The team suggests that the ease of deployment could enable numerous targeted help bots across an organization—for HR questions, customer issue resolution, software error code explanation, and more. They note that using more tightly-scoped datasets reduces hallucination risk and improves the relevance of vector database results.
## Replicability and Broader Applicability
The case study positions this as a reference implementation for future LLM-powered tools at Benchling. The team emphasizes that good candidates for this pattern have two characteristics: situations where LLM access with company-specific knowledge would be valuable (information lookup, answering common questions), and availability of high-quality text-based datasets (FAQ docs, public web documentation, fact-checked conversation histories).

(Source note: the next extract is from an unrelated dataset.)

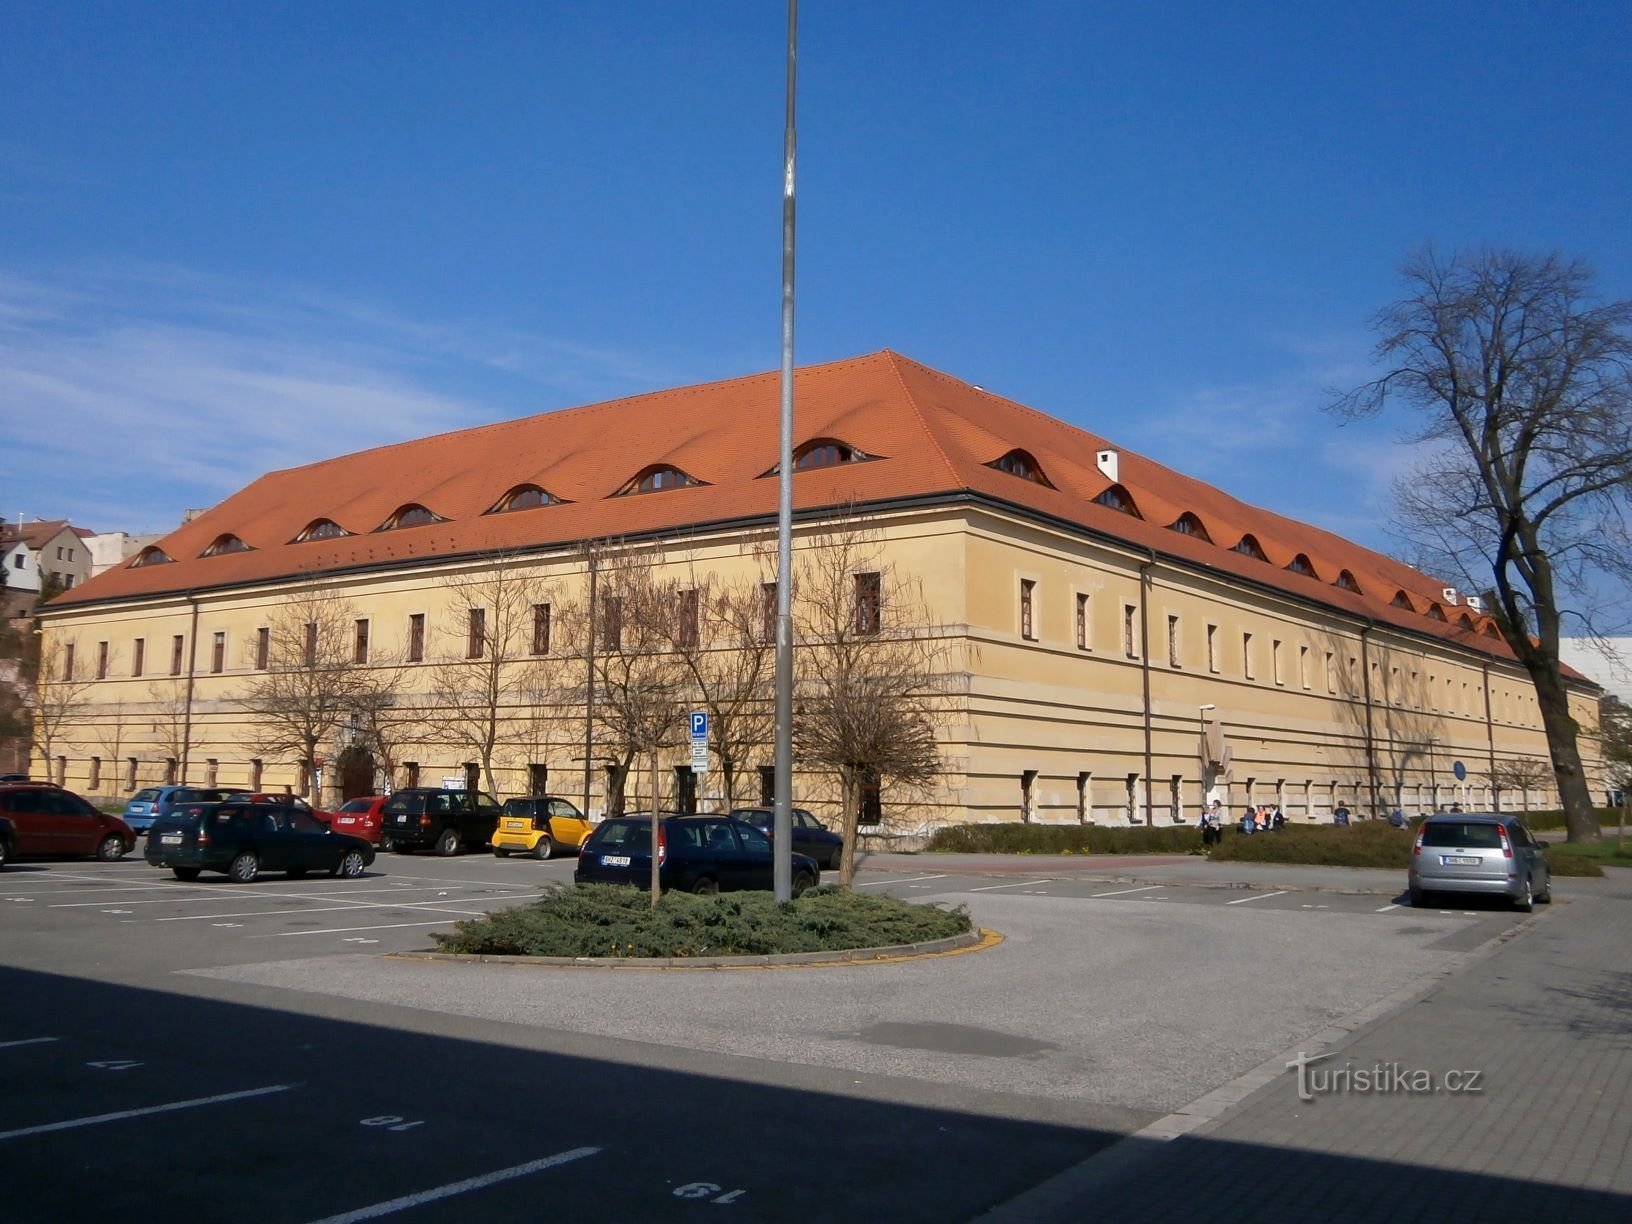 Cuartel de caballería (Hradec Králové, 13.4.2016 de abril de XNUMX)

The shared Terraform code and architectural patterns provide a template for other organizations to build similar systems, though teams should note that this is presented as a prototype rather than a production-hardened system. The transparency about limitations and future enhancement plans suggests a pragmatic approach to LLMOps, balancing rapid experimentation with acknowledgment of production requirements that still need to be addressed.